When you run a Flink application locally like in this example, you usually do not have the Flink Web UI enabled. However, there is a way to also get the Flink Web UI in a local execution environment. I find this useful, especially to get an idea of the execution plan before running streaming applications in production.

Let’s start by adding a dependency to the pom.xml:

<dependency>
	<groupId>org.apache.flink</groupId>
	<artifactId>flink-runtime-web</artifactId>
	<version>${flink.version}</version>
</dependency>

And slightly change the code in our main class App.java:

package de.vojay.flitch;

import org.apache.flink.configuration.Configuration;
import org.apache.flink.streaming.api.environment.StreamExecutionEnvironment;

public class App {

	public static void main(String[] args) throws Exception {
		StreamExecutionEnvironment env = StreamExecutionEnvironment
			.createLocalEnvironmentWithWebUI(new Configuration());

		env.fromSequence(1, Long.MAX_VALUE).print();
		env.execute("Flitch");
		env.close();
	}

}

The streaming application will now process a sequence of numbers, so that it will not finish immediately. Also with createLocalEnvironmentWithWebUI we will have the Flink Web UI available locally on port 8081 while the application is running.

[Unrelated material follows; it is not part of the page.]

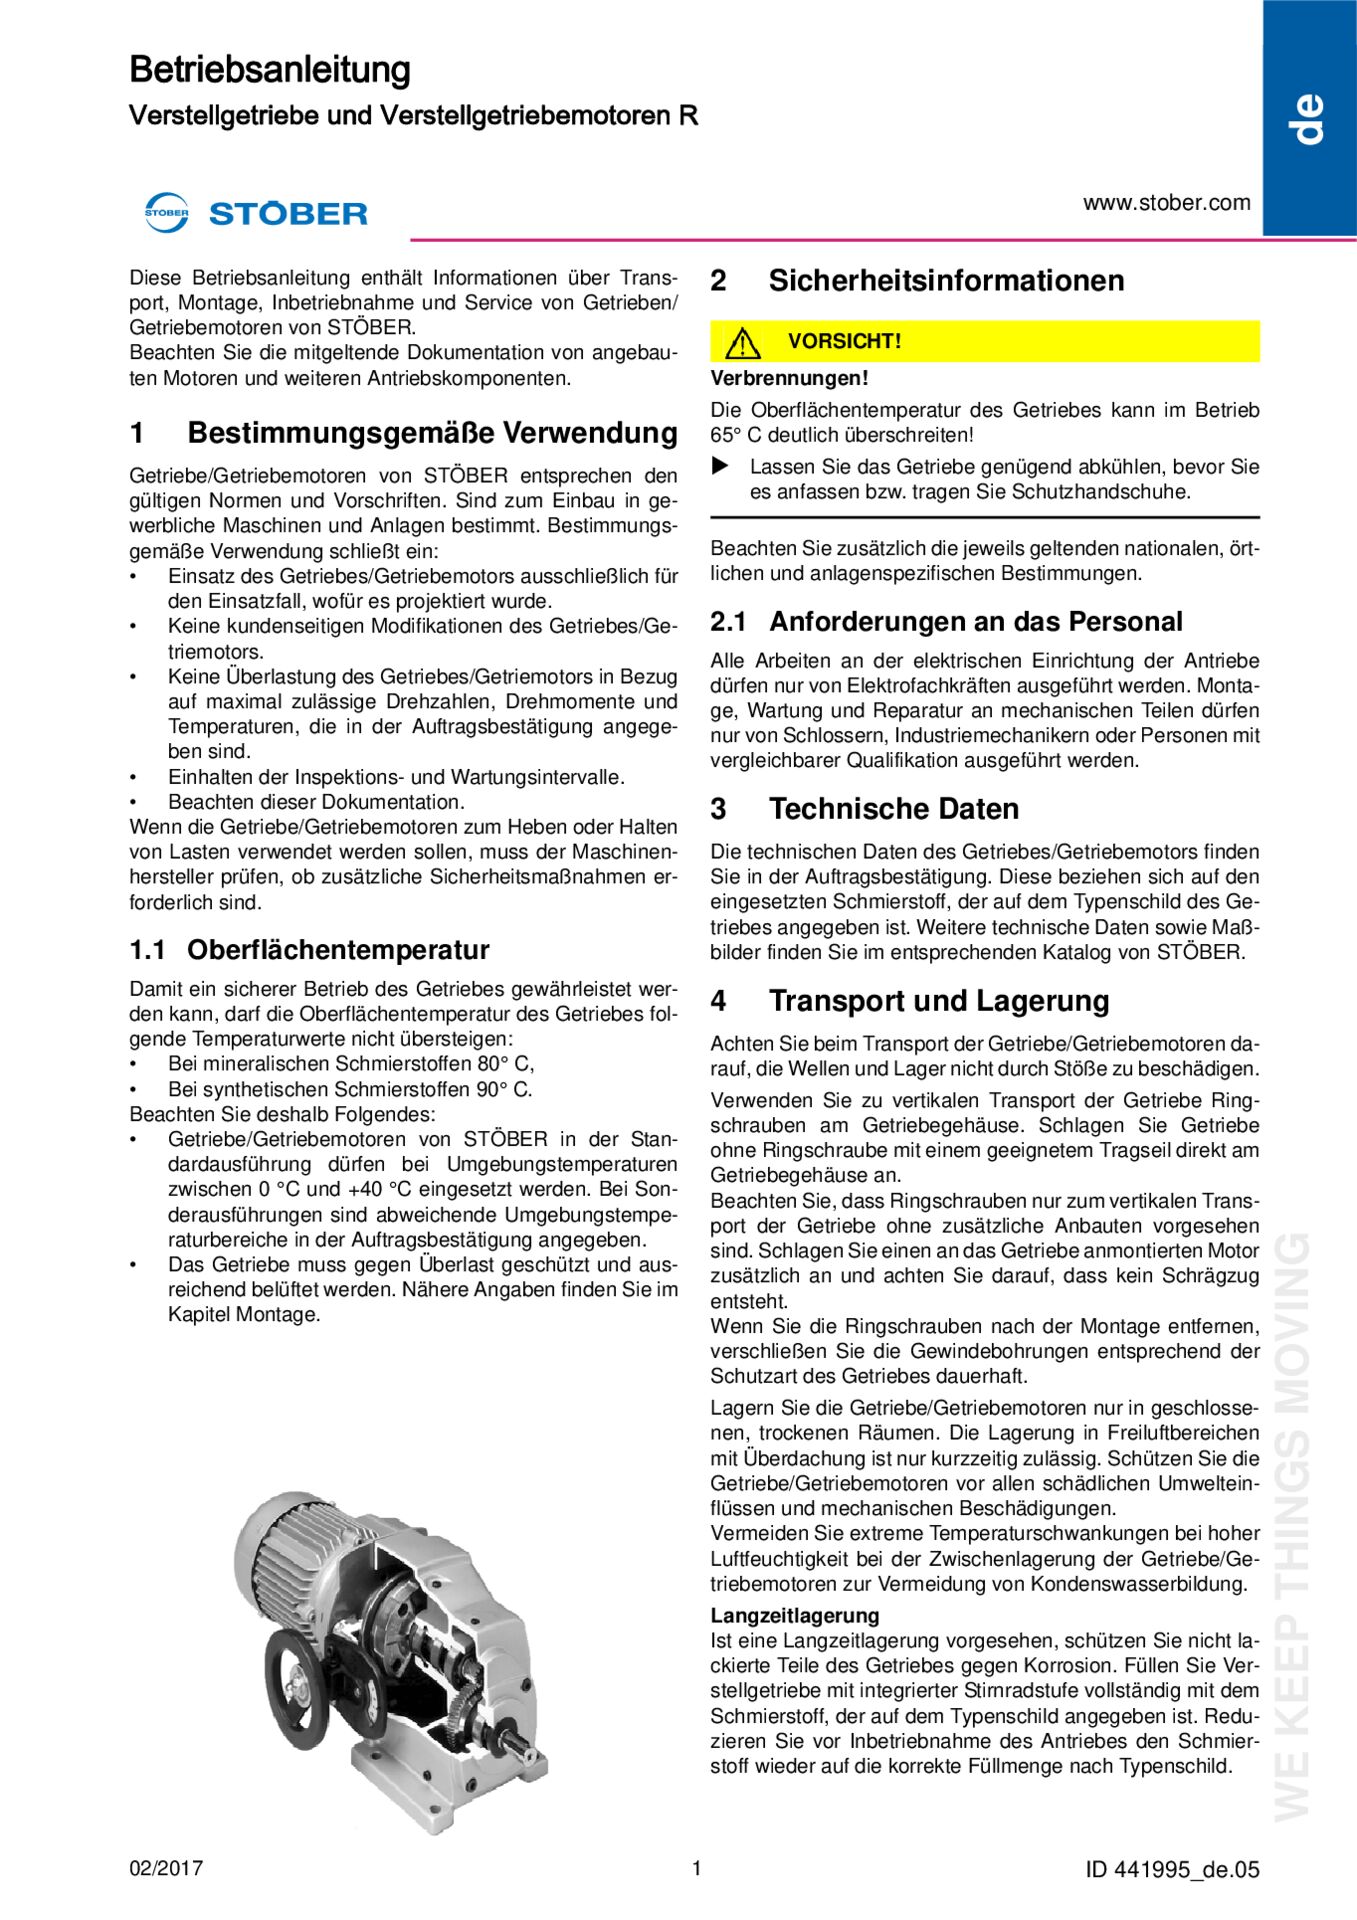 Instructions de service Variateurs et motovariateurs R

Start again and open http://localhost:8081/ in your browser. Apart from various metrics, you can also see the execution plan of your Flink application.

Flink Web UI

Now we have a proper local setup and can get started connecting our application to Twitch and run sentiment analysis on chat messages.

Read the Twitch chat

Twitch, the leading live streaming platform for gamers, offers a comprehensive API and a chat feature that’s deeply integrated with the Internet Relay Chat (IRC) protocol.

Twitch

At its core, the Twitch API allows applications to interact with Twitch’s data. This includes retrieving information about live streams, VODs (Video on Demand), users, and game details. The API is RESTful, meaning it follows the architectural style of the web, making it straightforward to use with common HTTP requests. Developers can use this API to create custom experiences, such as displaying live stream stats, searching for channels, or even automating stream setups.

The Twitch chat is a vital aspect of the Twitch experience, allowing viewers to interact with streamers and other viewers in real-time. Underneath the modern interface of Twitch Chat lies the Internet Relay Chat (IRC) protocol, a staple of online communication since the late 80s. This reliance on IRC allows for a wide range of possibilities when it comes to reading and interacting with chat through custom applications.

For our purpose, we simply want to read the chat, without writing messages ourselves. Fortunately, Twitch allows anonymous connections to the chat for read-only application use-cases.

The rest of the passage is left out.